**Recorded data**.
★ ★ ★ ★ ★ ★ ★

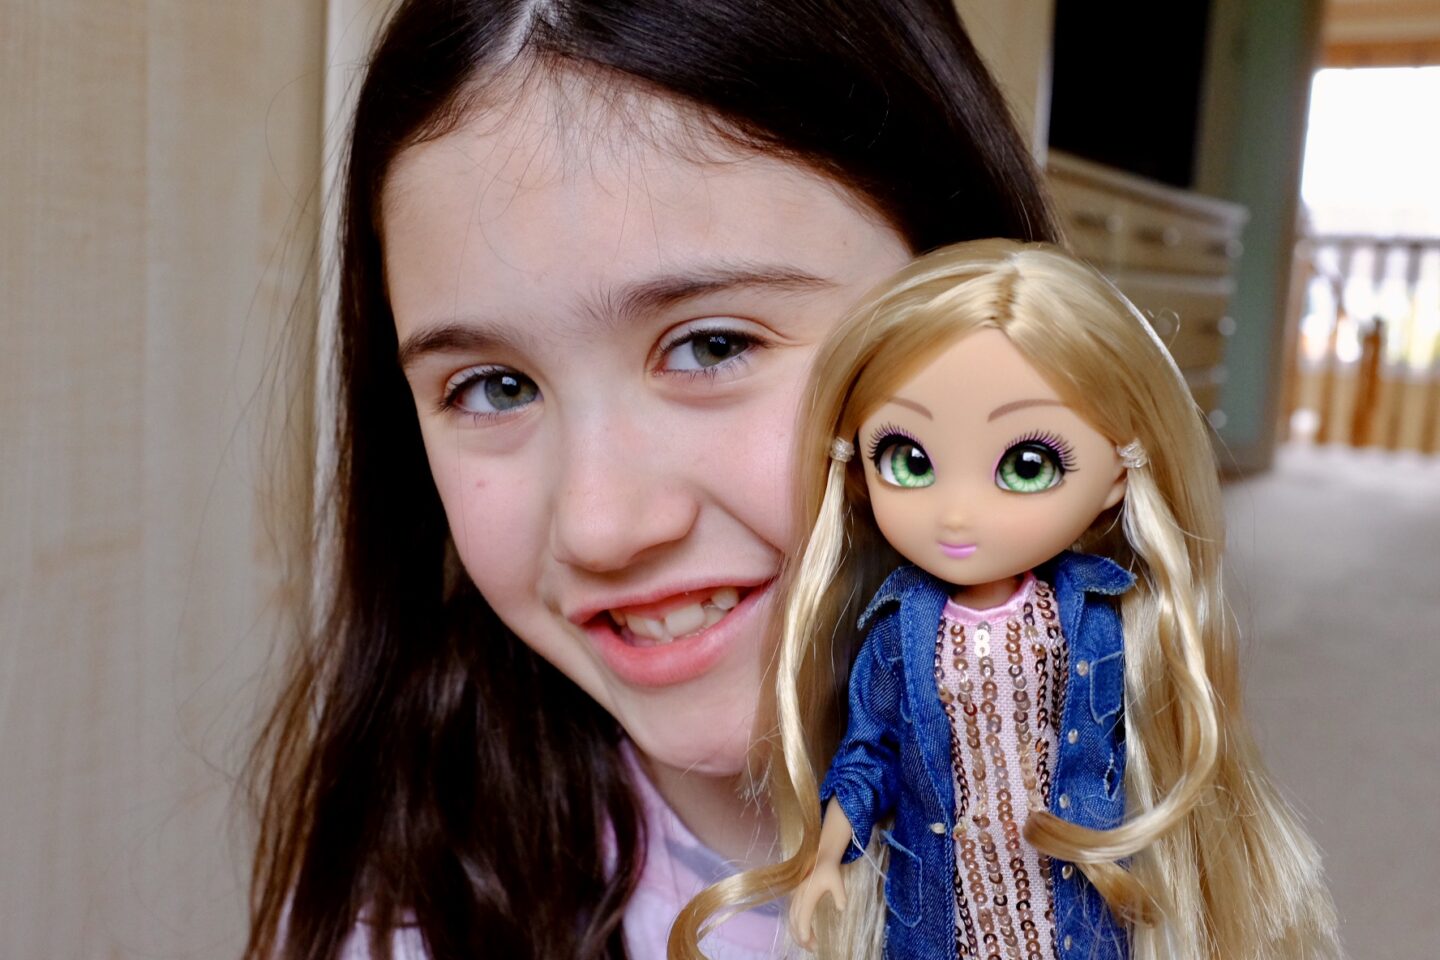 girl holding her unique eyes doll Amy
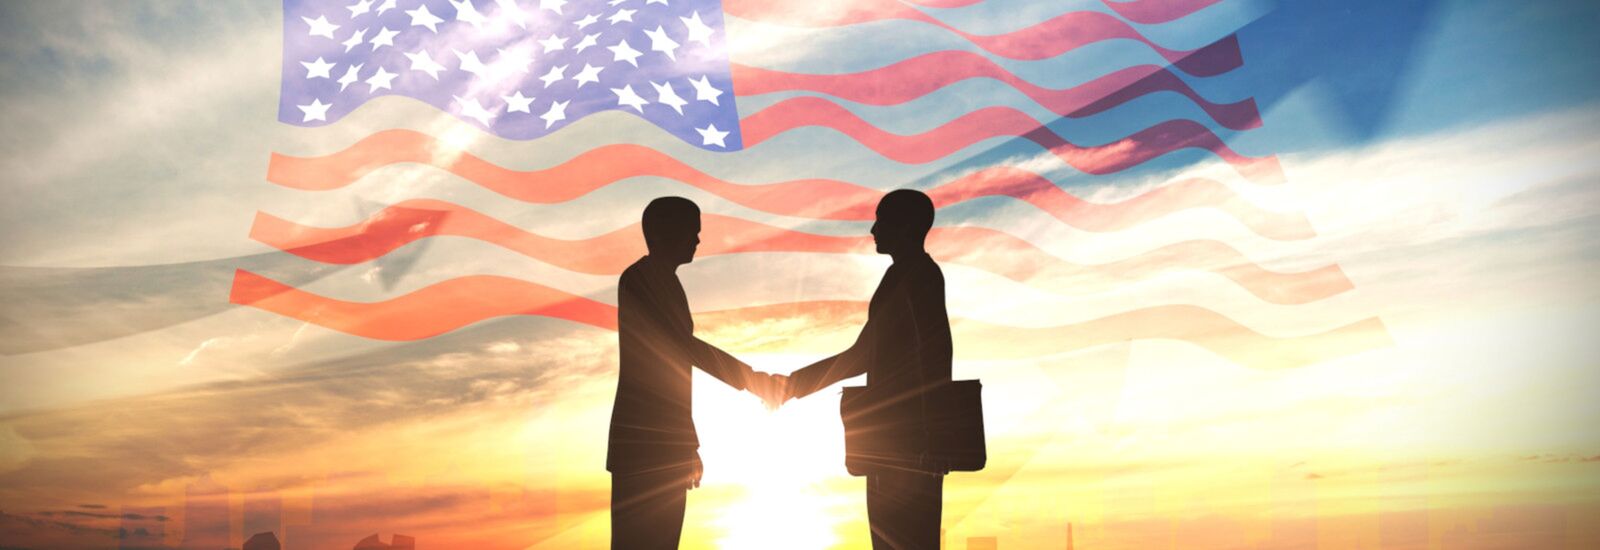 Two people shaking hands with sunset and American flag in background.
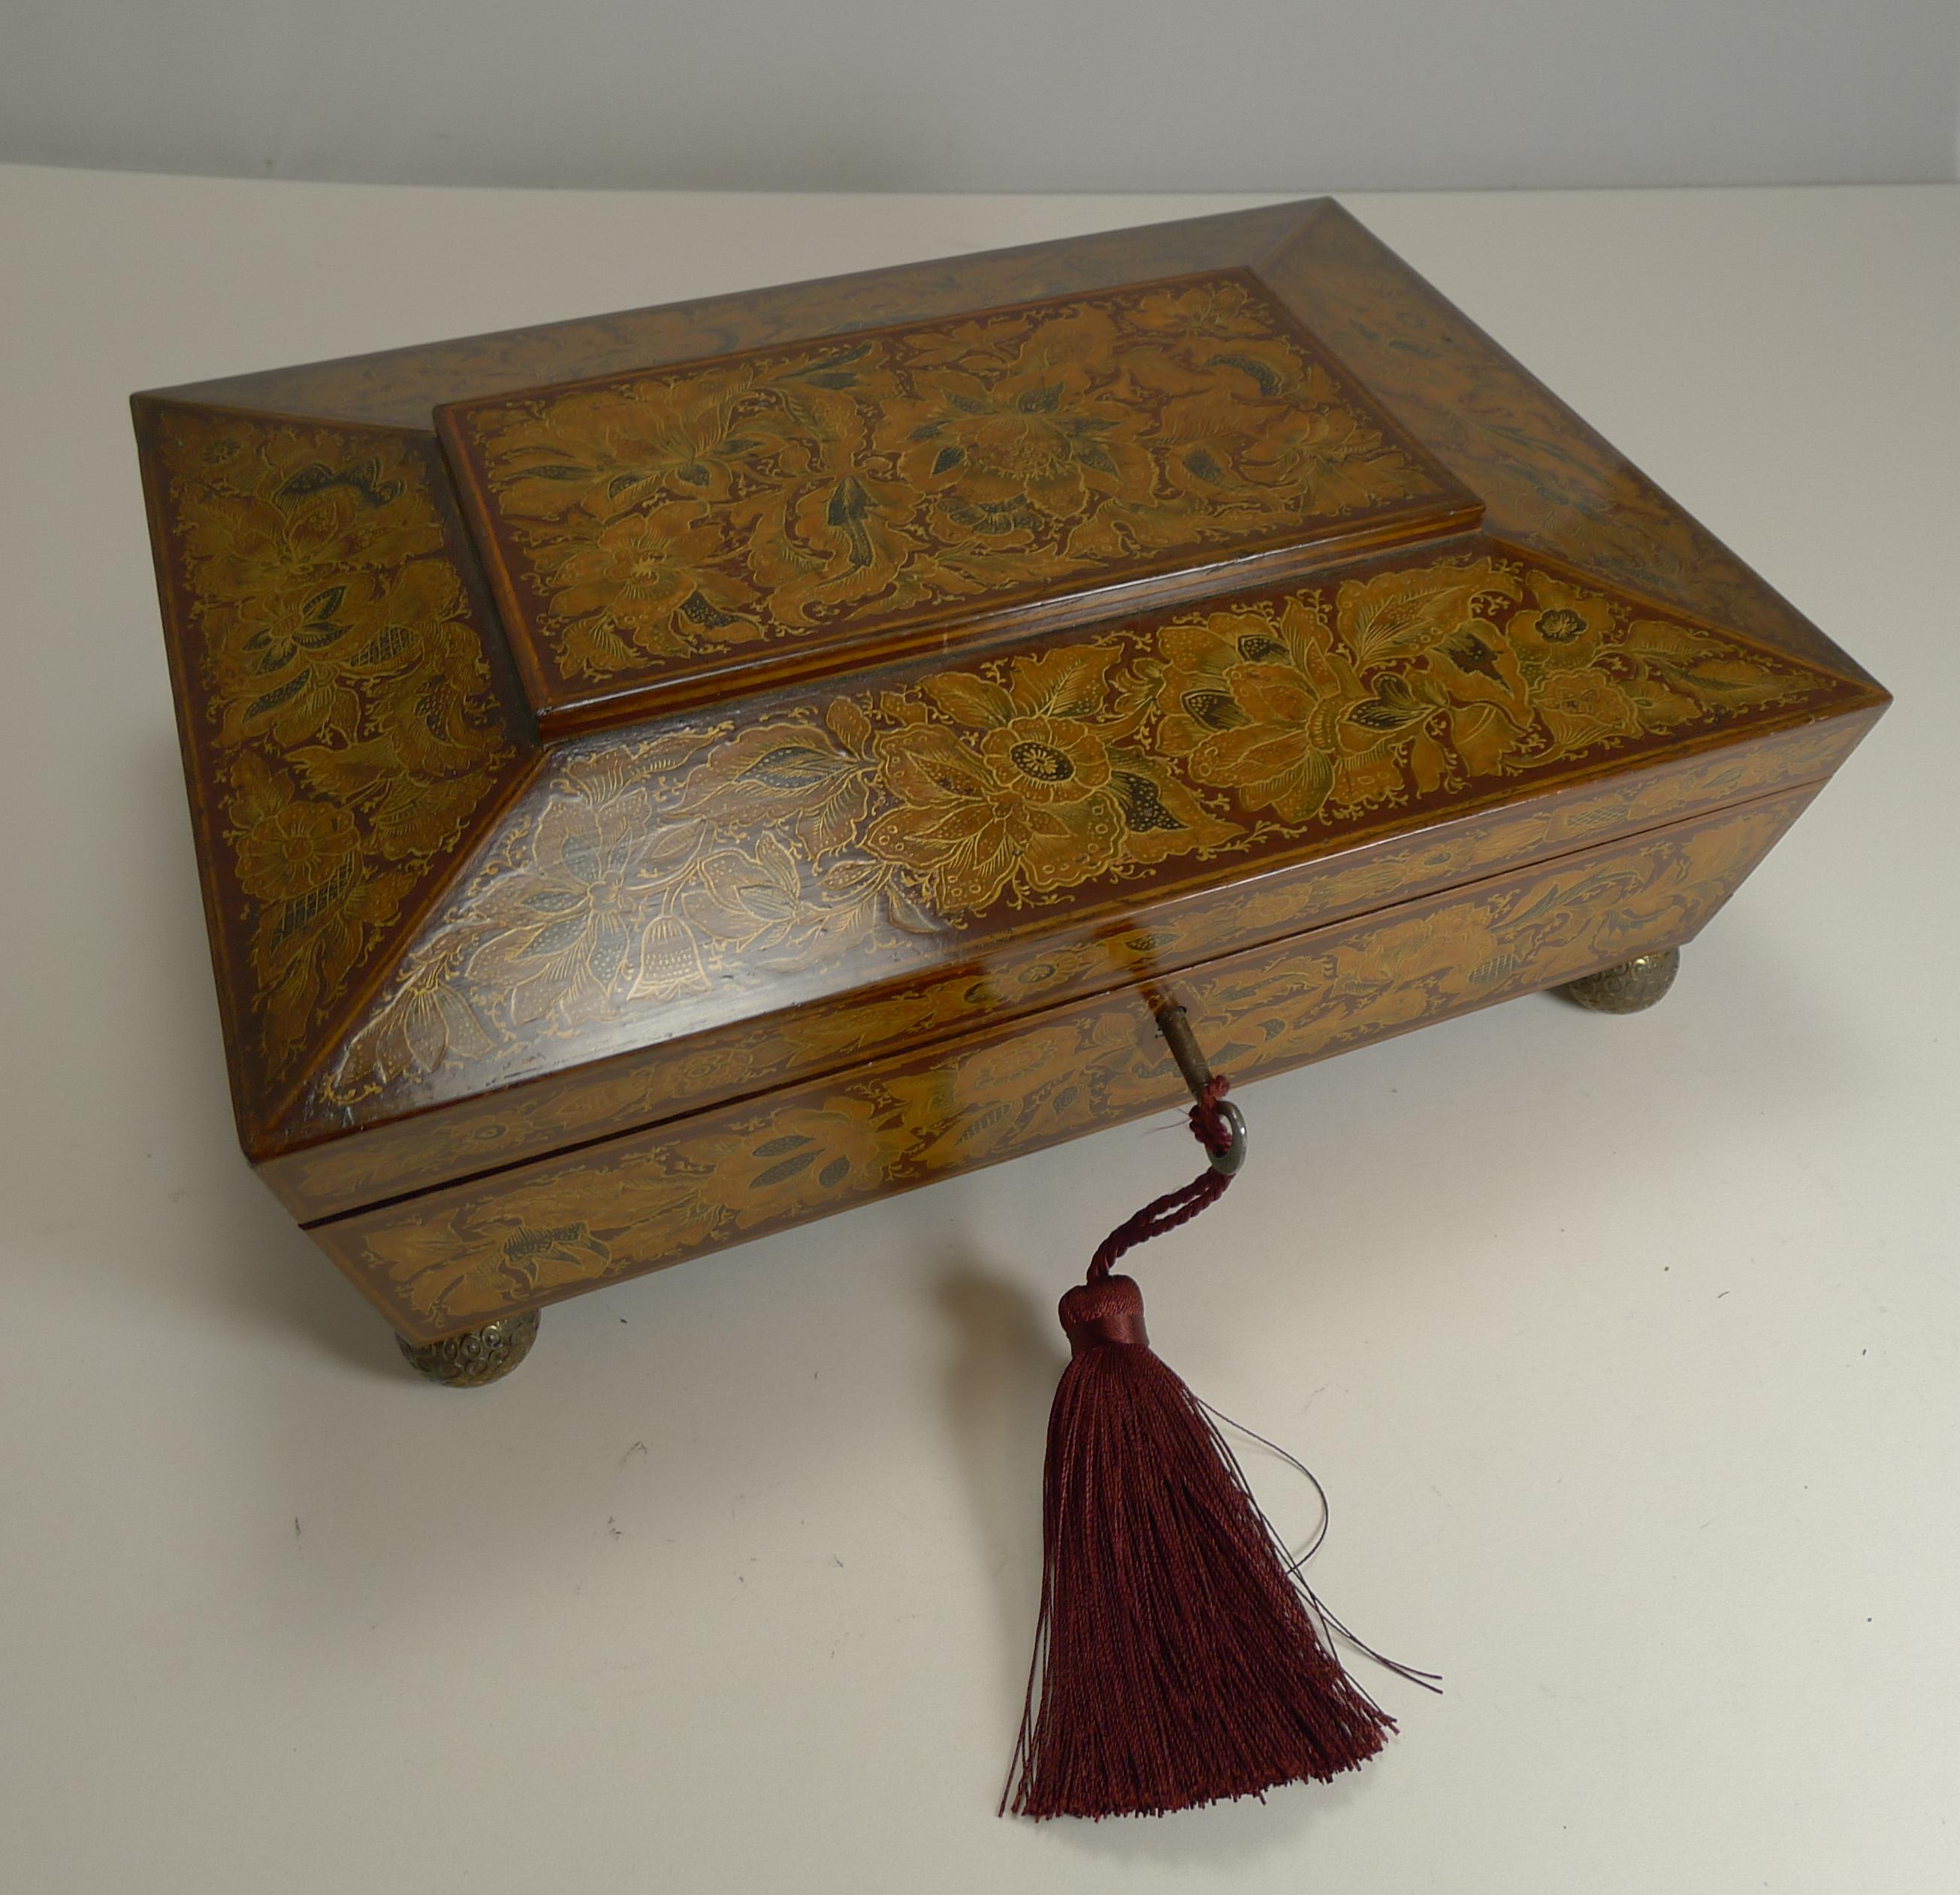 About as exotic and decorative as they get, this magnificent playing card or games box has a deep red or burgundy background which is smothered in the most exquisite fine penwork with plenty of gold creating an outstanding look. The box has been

★ ★ ★ ★ ★ ★ ★

**What this task involves**. Print exactly the lines from the line with "Two people shaking" through the end of the data, both ends included, and print no pictures.

**Written response**.
 Two people shaking hands with sunset and American flag in background.
 About as exotic and decorative as they get, this magnificent playing card or games box has a deep red or burgundy background which is smothered in the most exquisite fine penwork with plenty of gold creating an outstanding look. The box has been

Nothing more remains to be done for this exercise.